Lollipop Rocking Chair Made by George Hunzinger, ca. late 1800s

- Photo Courtesy of Morphy Auctions
George Hunzinger crafted furniture in New York beginning in the late 1800s with one of his earliest patents for an extension table dating to 1860. He patented and manufactured many Renaissance Revival styles during his career. "Although his work belongs in this category ... it stands alone as a category unto itself," according to RareVictorian.com. He is undoubtedly best known for his "lollipop" carving, which emulates a child's candy sucker.

Many of Hunzinger's rocking chairs were made with his elaborate lollipop carving along the backs and arms. These rockers were made in both platform and traditional styles (like the one shown here), and most of them had upholstered backs and seats. He also made non-rocking chair styles with lollipop carving, which are desirable to Victorian furniture collectors as well.

These unique chairs are usually marked with a Hunzinger label to identify them, sometimes hidden under the edge of the seat cushion.
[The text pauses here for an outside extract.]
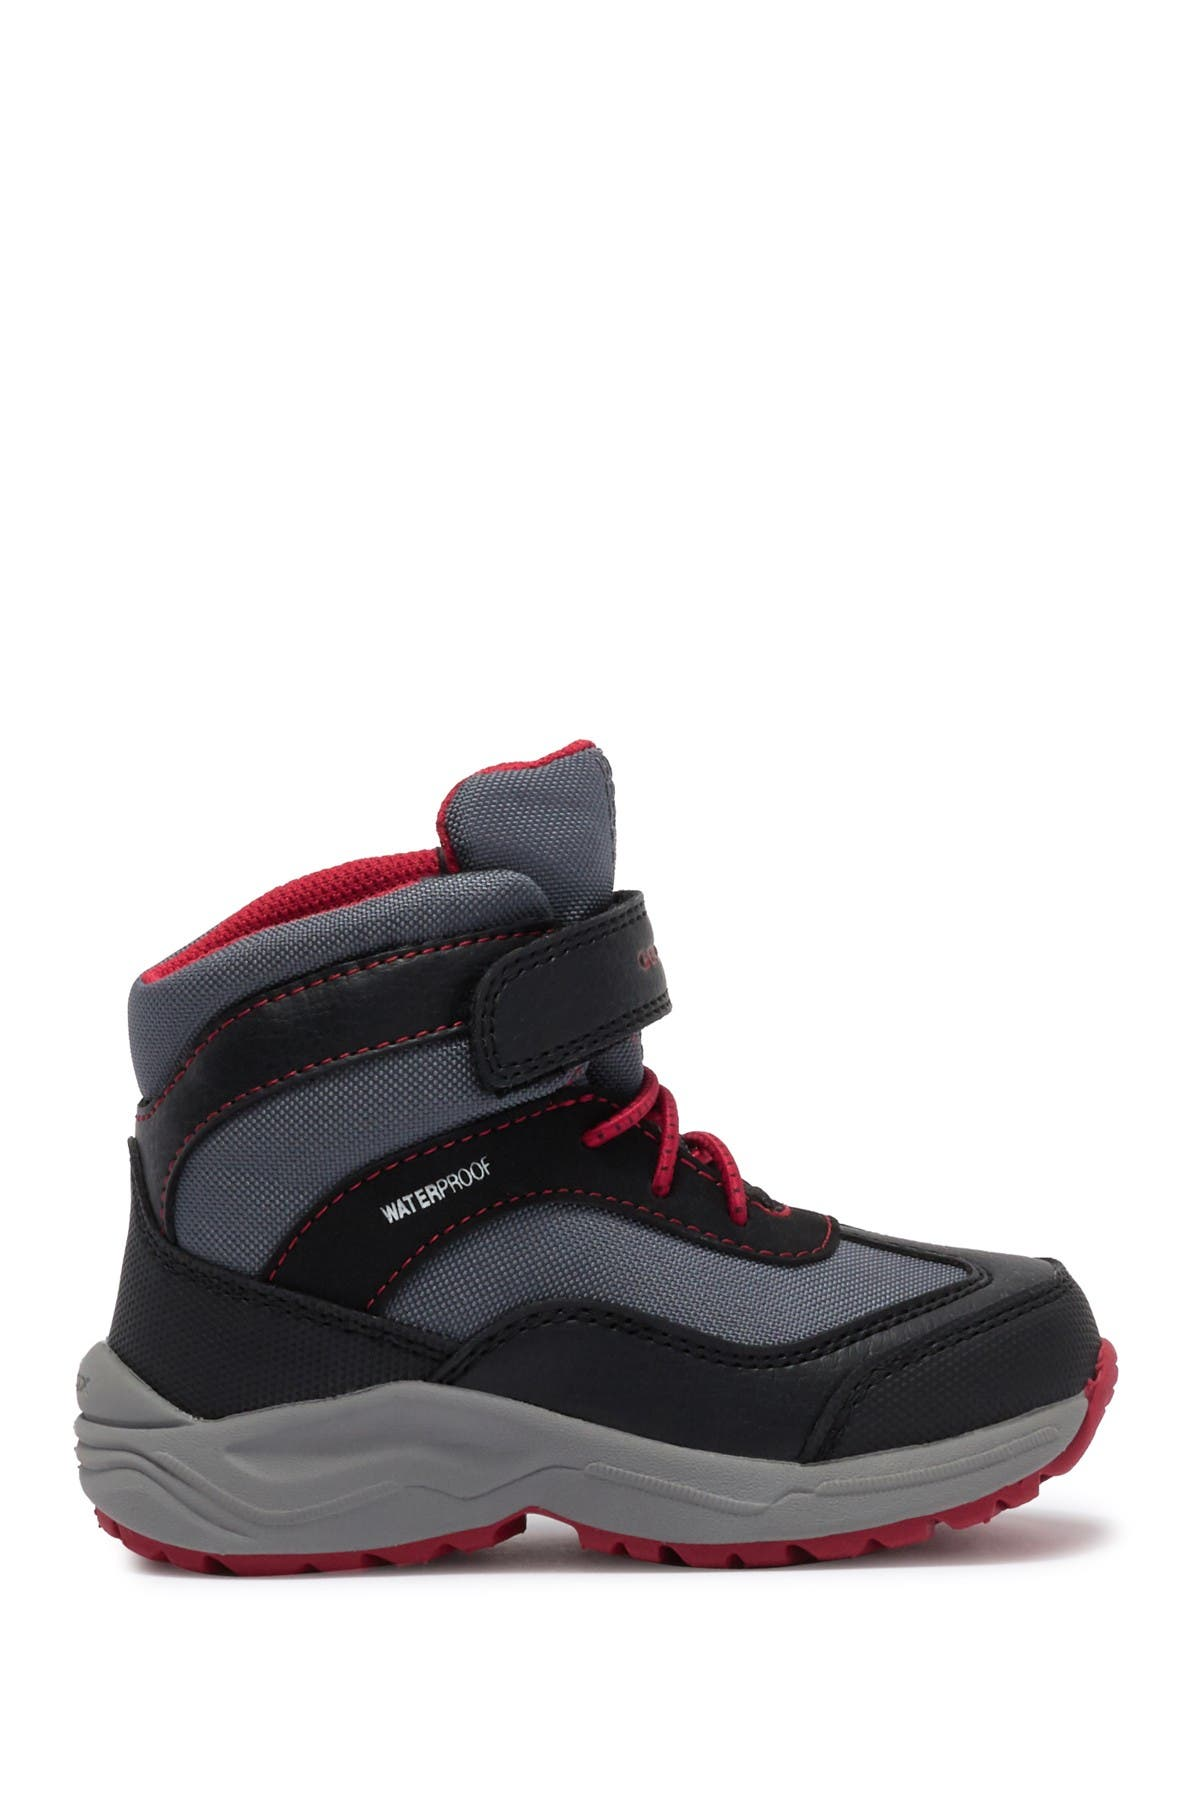 GEOX J Alaska Waterproof Boot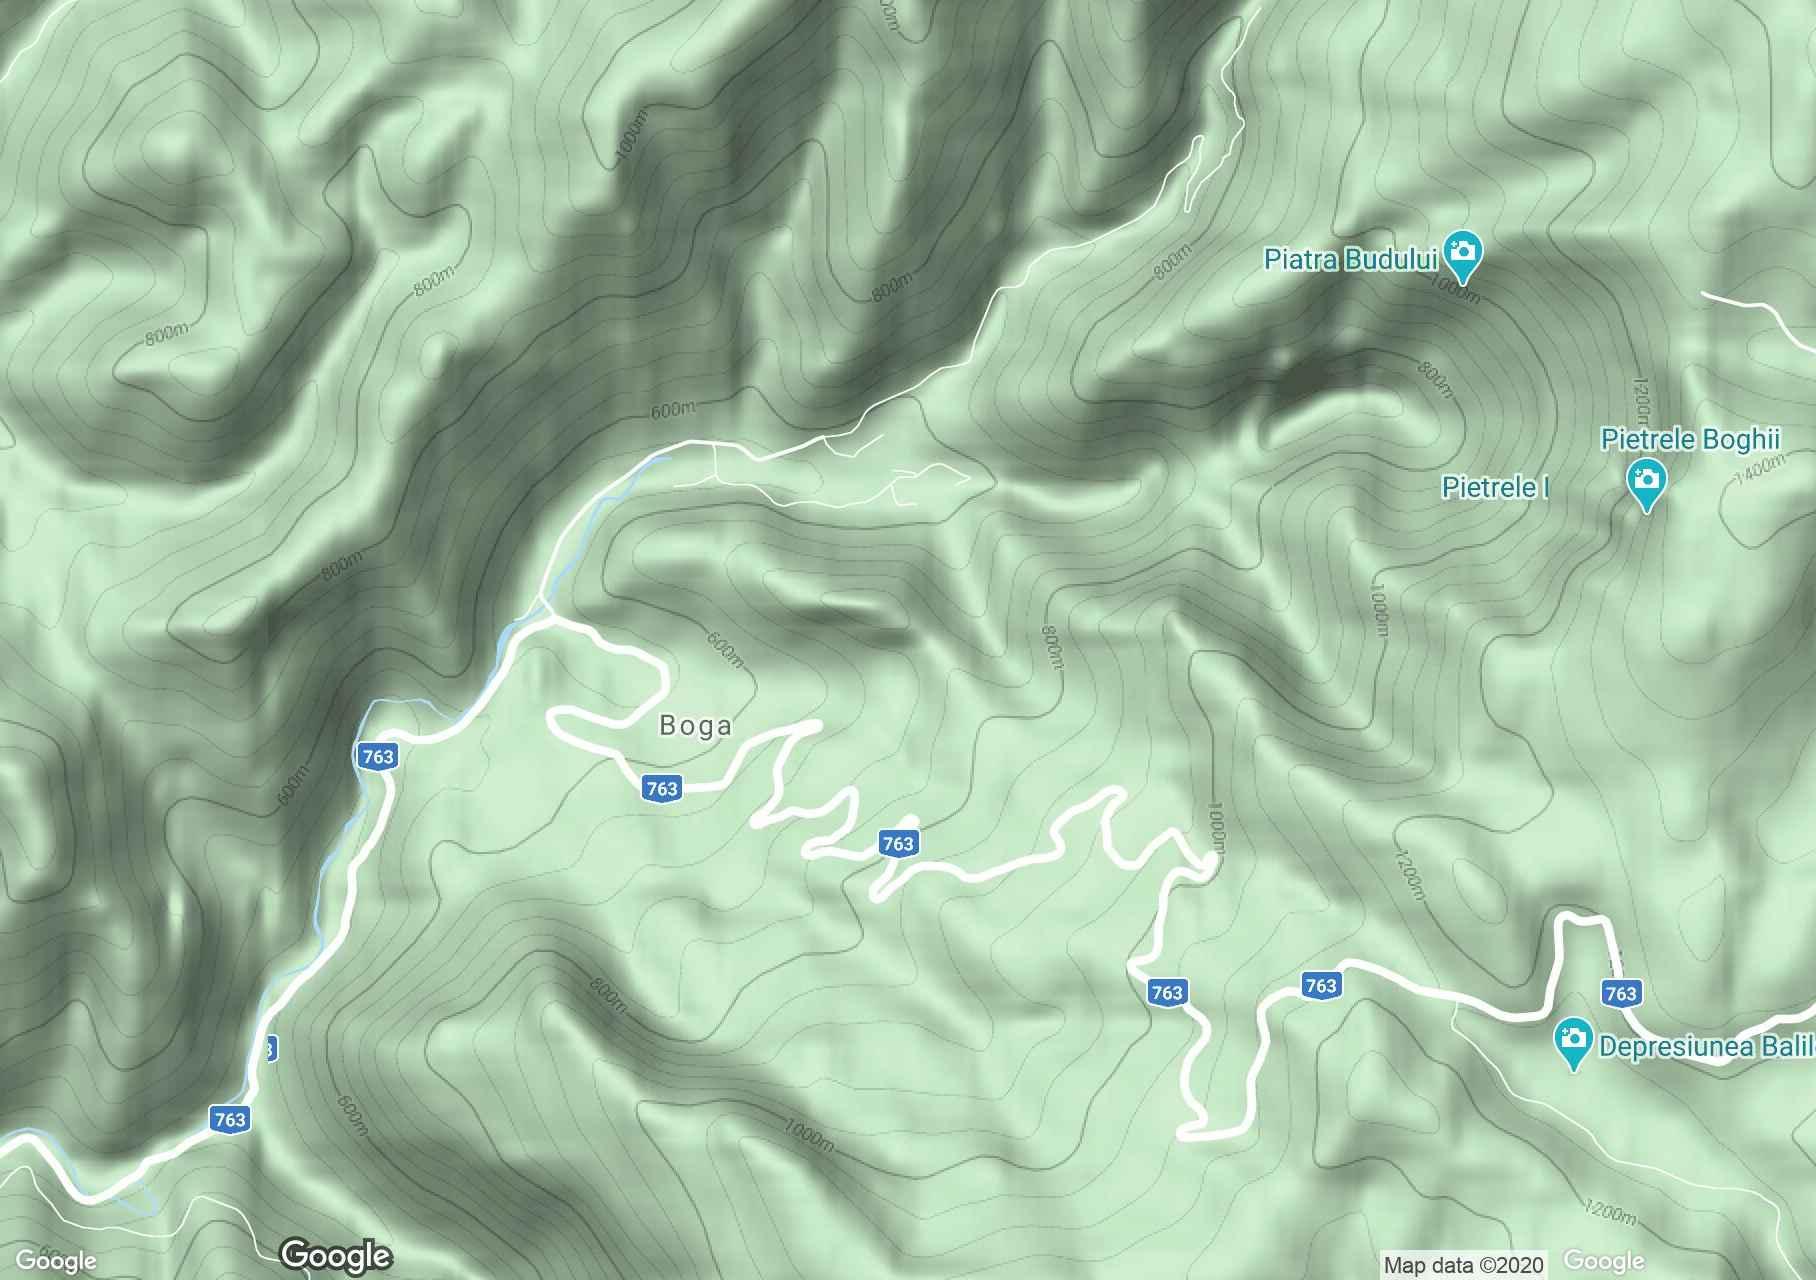 Boga interaktív turista térképe.

They can range in value from several hundred to several thousand at auction depending on the complexity of the style and the quality of the original finish and upholstery. It is unusual to find a Hunzinger chair with the original upholstery in good to excellent condition. Most of these cloth backs and seat cushions have been redone over time.

About the Example Shown Here:

The traditional rocking chair featured above is estimated to bring $400-600 at Morphy Auctions decorative arts sale in early November, 2012. The rocker is in excellent condition overall, but the upholstery is not believed to be original.